= San Francesco, Pioraco =

Building in Pioraco, Italy

San Francesco is a Gothic-style, Roman Catholic church located in the town of Pioraco, province of Macerata, region of Marche, Italy.

==History==
The church was built in the first decade of the 14th century, completed in 1327, along with the adjacent Franciscan monastery. It was built putatively atop the ruins of an Ancient Roman theater. The external structure retains some late-Romanesque features including a polygonal apse, but also have Gothic mullioned window above the portal. The stone façade is plain except for the round white stone main portal.

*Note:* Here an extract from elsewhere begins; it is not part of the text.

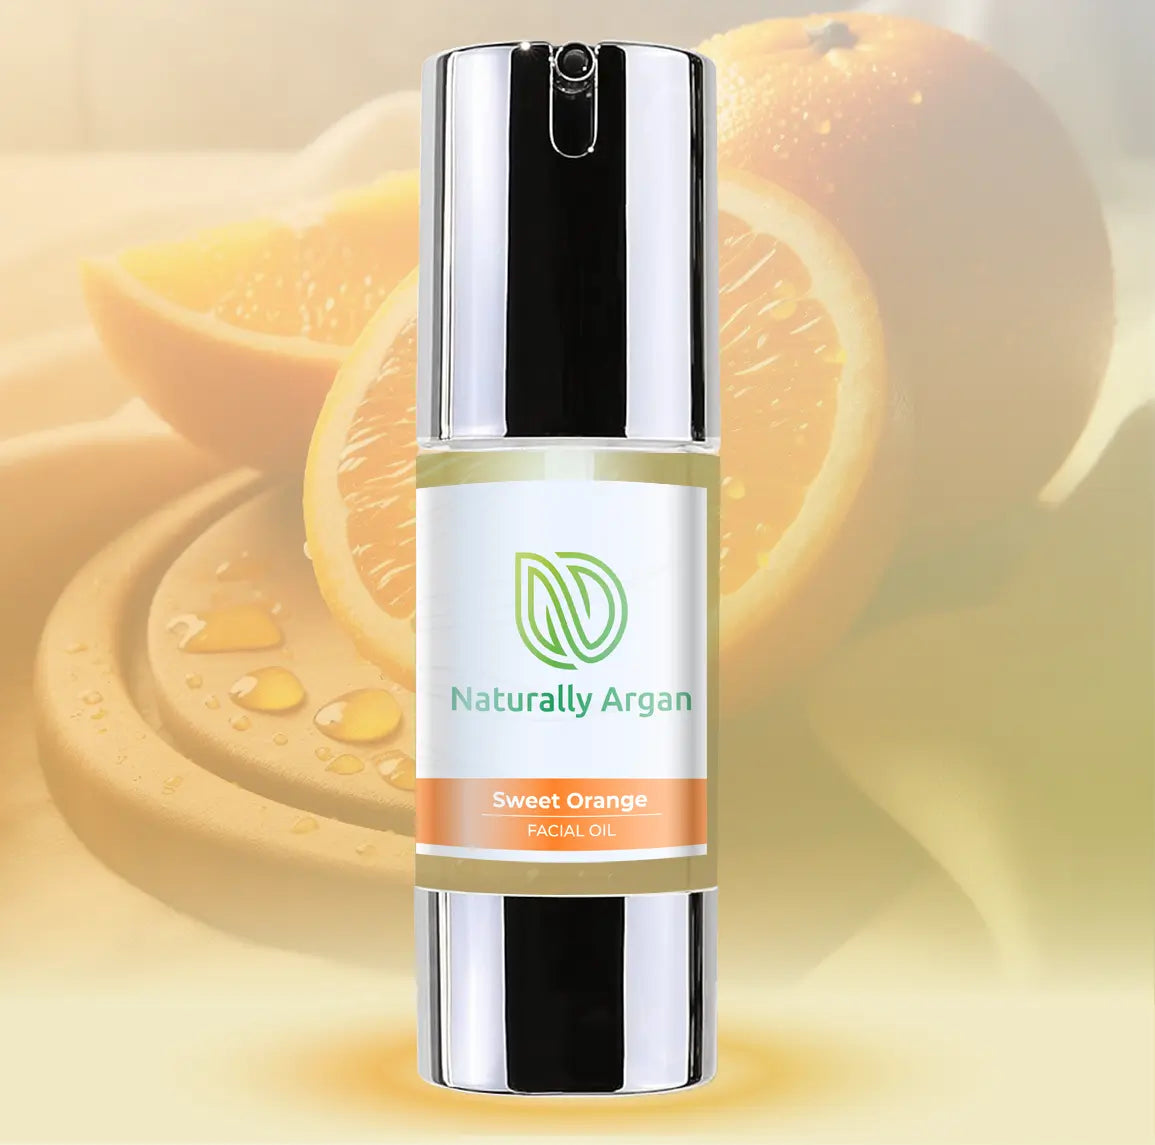 Sweet Orange - Argan facial oil

The interior has a wooden ceiling made with cassettoni or coffers, added in 1730. This ceiling and other baroque refurbishments eliminated some of the original frescoes depicting the life of the saint. The altar of the Crucifix was erected in 1622, by the guild of papermakers. The church also houses a canvas depicting San Carlo Borromeo by an unknown Bolognese painter. The canvases depicting the Via Crucis were painted by Mancini. Two 17th-century wooden statues depict Our Lady of Sorrows and the Apostle John. The church also has a stone sculpture of a Pietà.

== Modern day ==
In 1984, the convent became the home of the municipal offices. On Holy Friday a procession leaves this church and wends its way to the church of the Madonna della Grotta.